Preserving Context

Overview

Often mismatched silos of data need key contextual information stored elsewhere outside of the main data table (e.g. in the filename itself, the name of the worksheet, or typed in a cell at the top of a worksheet)

Combining tables without any context can risk giving meaningless results.

This article explains how you can dynamically detect and extract the correct “context” elements from your data, whilst ignoring the elements that are not needed.

In the following example, contextual information is stored outside the table, at the top of the worksheet – (though the sheet also has a lot of irrelevant rows above it)

The technique described is especially useful when your data source includes multiple tables in the same file – each separated from its preceding table by a title line.

To correctly, and automatically extract the correct “context”, you should work through the following steps:

Steps

1. Load the data

  • In Excel, go to ‘Get Data’, ‘From File’, ‘From WorkBook’.
  • Choose the file called: Products.xlsx (which holds all the Product Parent Tables, stored across separate tabs).
  • Let the Query Editor load, so that it shows the 4 separate tabs:

2. Clean the data

  • Now, remove all meta-data columns, apart from the “Data” column. So, right-click on the “Data” column, and select the option to “Remove Other Columns”.

You should be left with just this:

3. Add Index columns

  • Next, add a custom step, with the following code, as shown below:
M-Code
   = Table.AddColumn(#"Removed Other Columns", "Table with Index", each Table.AddIndexColumn([Data], "Index", 0, 1))

The data should now look like this:

4. Add the row index of the context

  • After this, add the following custom step, with the following code:
M-Code
   = Table.AddColumn(#"Custom1", "Row Index of Parent Category", each List.PositionOf([Data][Column1], "Parent Category"))
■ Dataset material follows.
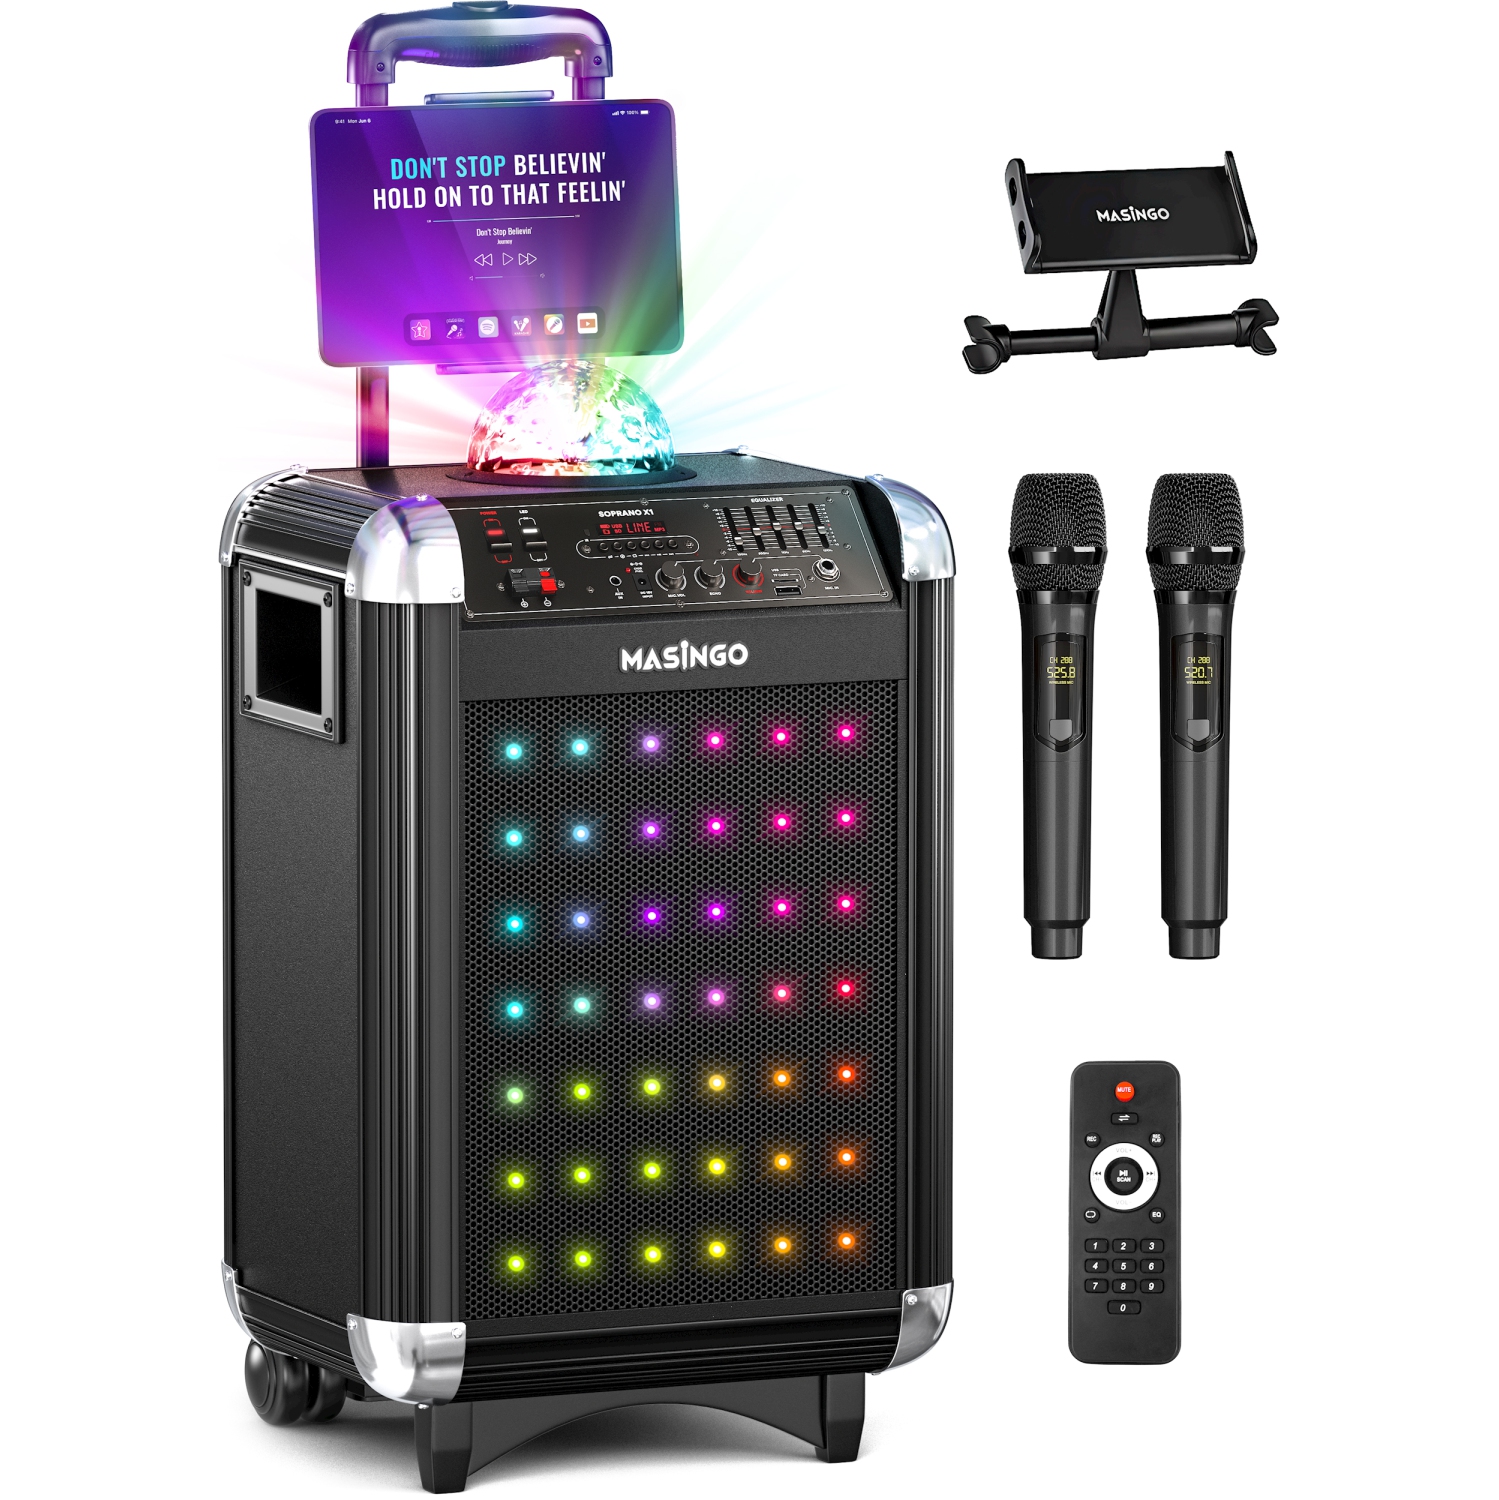 MASINGO Karaoke Machine for Adults & Kids with 2 Wireless Microphones - Portable PA Speaker System w/Two Bluetooth Mics, Party Lights, Lyrics Display Holder & TV Cable - Soprano X1

The data should look like this:

The line returns the row index where the field called, “Parent Category” is hardcoded. Each number represents the location of the “Parent Category” cell in a zero-based index.
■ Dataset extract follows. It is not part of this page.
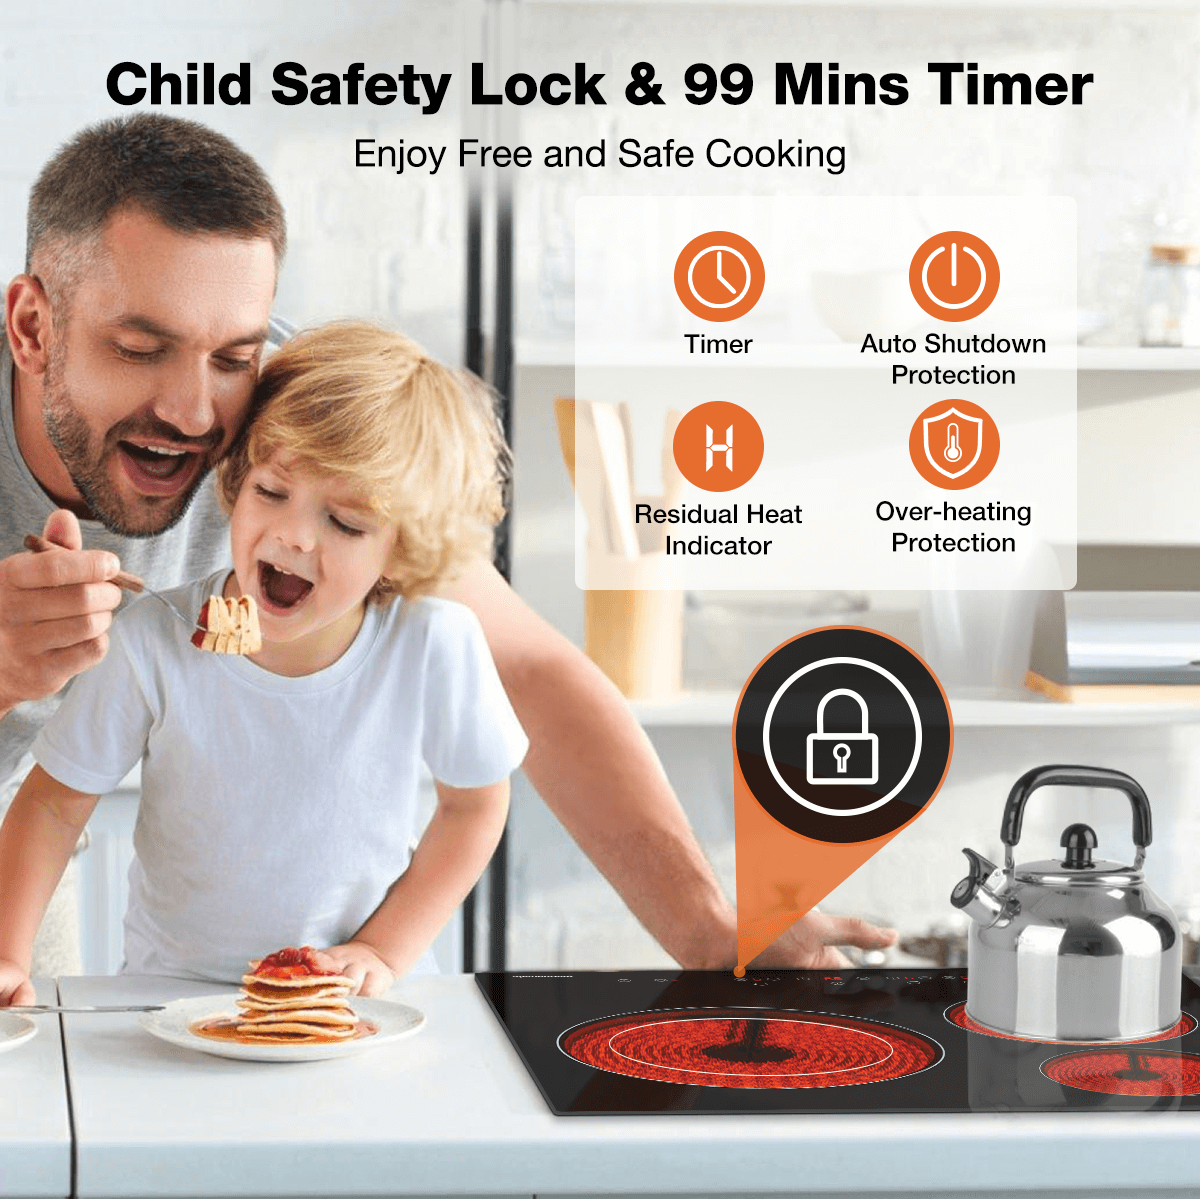 Child Safety Lock & 99 Mins Timer | Thermomate

The row index returned would vary for each Data Table, given the different number of irrelevant rows in each sheet.

5. Add context data

  • Next, add the following line of code:
M-Code
   = Table.AddColumn(#"Added Custom1", "Parent Category", each [Data]{[Row Index of Parent Category] + 1}[Column1])

This returns the actual name of the Parent Category in a new column, called “Parent Category”.

6. Add row index of table data

  • Next, add the following line of code:
M-Code
   = Table.AddColumn(#"Custom3", "Row Index of Name", each List.PositionOf([Data][Column1], "Name"))

The data should look like this:

The line returns the row index of where the actual “Table Data” starts. Because of the inconsistent layouts across different files, the row index number will vary across the 4 separate sheets.

7. Remove irrelevant columns

  • Next remove all columns so that you are only left with the following relevant columns:

8. Expand the data

  • Next, expand the column called “Table with Index”, so that query returns the following data:

9. Filter out irrelevant rows

  • Next, filter out the irrelevant rows.
  • To do this, add the following conditional column, with the following parameters:

The conditional column will create an extra row, returning the number ‘1’ for all rows where the Index number is greater than the value in the column “Row Index of Name”. Refer to the picture below:

  • Next, filter the “Custom” column to only include those rows with the number ‘1’.
  • Then remove the columns called: “Index”, “Row Index of Name”, and “Custom”, so that the resulting query output looks as follows:

10. Tidy up data

  • After this, tidy up the data by: Promoting Headers, Setting Data Field Types, and Renaming the columns accordingly, to get to the output as shown below:

11. Filter out Header Rows

  • Lastly, filter the column called “Name” to exclude any rows that are called “Name”, as shown below – and then you should be DONE!

12. Close & load

Finally, click Close & Load, so that the query loads the data – with the context - into the Excel Workbook – as shown below:

Final Comments

The technique uses cues to identify the proximity of the right context based on its proximity to “anchor” cells. Anchoring valuable data to fixed elements in your data, in this way, can vastly improve the robustness of your queries.

Here, the entire ETL process, when set up and tested thoroughly, (and provided well thought through and designed), should take no more than 5 minutes. Then you will probably want to leave another 3-4 minutes to quickly perform some “data checks” / “audit checks” back to the original data.